# T-shirt Printing using a HP Latex Printer



## Hugster62 (Apr 24, 2012)

Hi Guys,

I'm new to this forum and new to t shirt printing so i'm looking for a little help please... I have just bought a graphtec plotter CE5000-60 and a whole load of t shirt vinyl was thrown in, my question is am i able to print on this vinyl using my HP Latex L25500 60inch printer. I'd love to be able to print images on my Latex printer and then cut on my plotter and then heat press onto my tshirt.

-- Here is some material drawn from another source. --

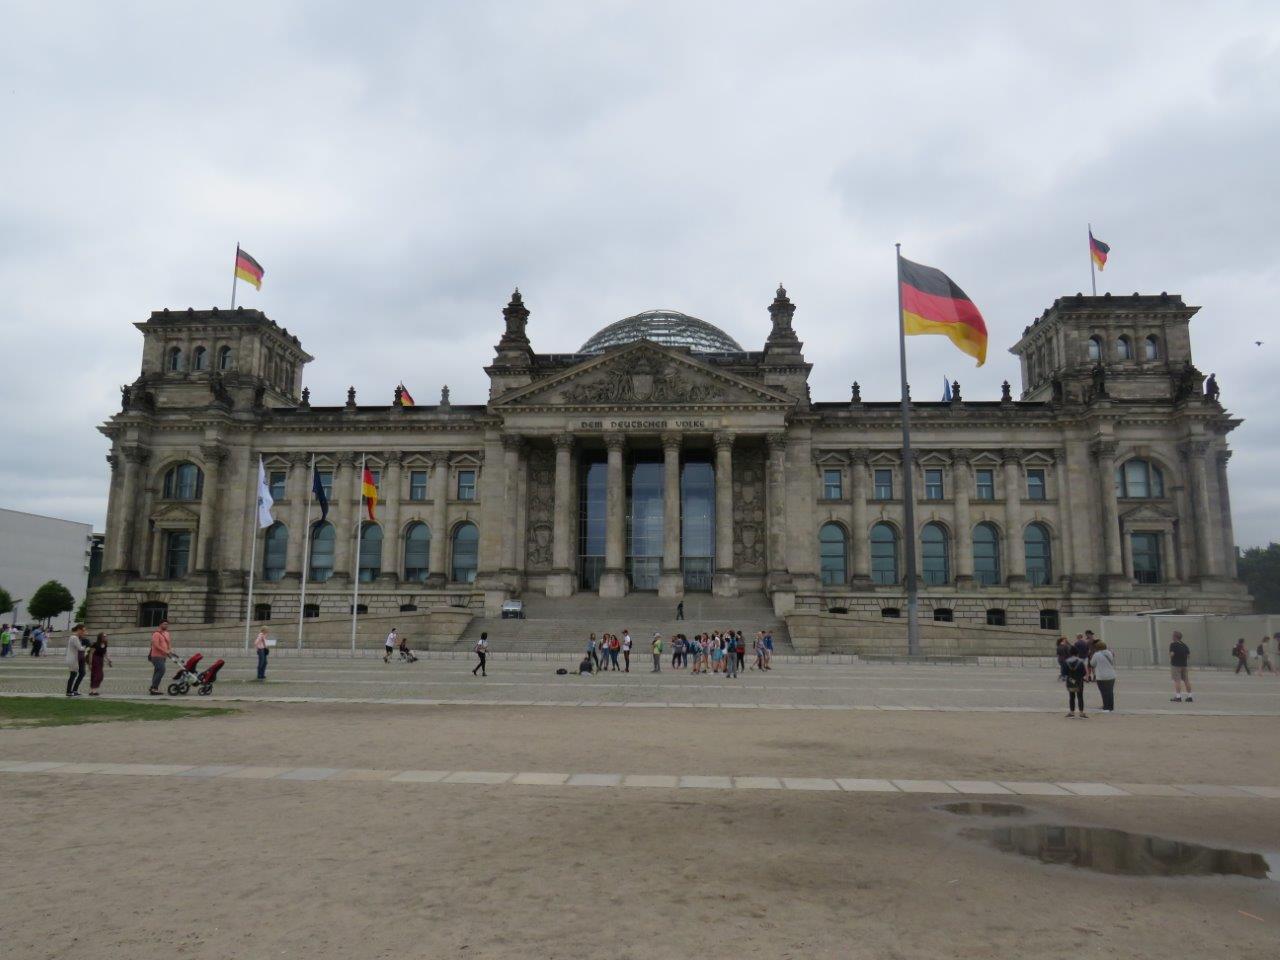  06/07/2018 Bundestag

I hope someone has some advice as i've scoured the internet and found not a lot...

Thanks again in advance

Graham


----------



## 13 Stitches (Jul 31, 2007)

I am interested too. I was just told about the HPL26500 and was told by the 'chat' on HP that they do not sell the product to print on for a tee shirt, but that you can buy from 3rd parties to do so, to print and cut to put on apparel. Have you tried the web site: Latex Printers, and ask the chat room folks if you can do that on your printer?


----------



## JoshEllsworth (Dec 14, 2005)

I don't have any direct experience, but have been informed by customers that our eco-solvent/solvent compatible media will work with latex. I do not know the durability, but most suppliers will sample products for you to evaluate. If you drop me a PM I would be happy to send a variety of our choices and possibly you can test and post results?

Thanks


----------



## blacknbart (Apr 21, 2013)

It's been a while any luck with the latex printing on Transfer material? I have many questions. Thanks!


----------



## BK Vinyl (Apr 27, 2013)

I'm not sure if this is a dumb question, but...
If the L26500 prints directly onto fabric for banners, which I see it does, why couldn't you print directly onto a t-shirt?


----------



## j4k (Oct 27, 2009)

I believe because the banner fabric comes with a backing that keeps the fabric firm as it goes through the printer.


----------



## signart (Nov 1, 2013)

We have an L26500 HP Latex Printer. You would not be able to print directly to a T-Shirt because all of our materials are printed from rolls. There has to be adequate tension to be able to print without bunching up and causing head strikes. I hope this helps.


----------



## signart (Nov 1, 2013)

We print onto heat transfer material for one of our customers, who has a T-shirt shop, using our L26500. She says it is durable. We have not tested the durability ourselves, so I cannot speak to the durability of the print. The material we have printed on is for a solvent/eco-solvent printer and we have not had any problems with printing onto it. The material is from JSI Signs and it is their brand of PU Printable HTV. Hope this helps.


----------



## dou_nut (May 3, 2010)

Hello..

Can you give me some feedback on your Latex printer?
I am looking eco solvent printer or latex printer...
I want to do print shirt...I have DTG...and it is lot of problem and it is off line at the moment.
I want some reliable and white shirt and color shirt as well...
Is print head expensive as solvent printer?
When you use transfer media...does it shows on shirt that like square transfer around the images?
Or can it produce like fading look on the shirt...which is screen print or DTG can...do...as long as they works...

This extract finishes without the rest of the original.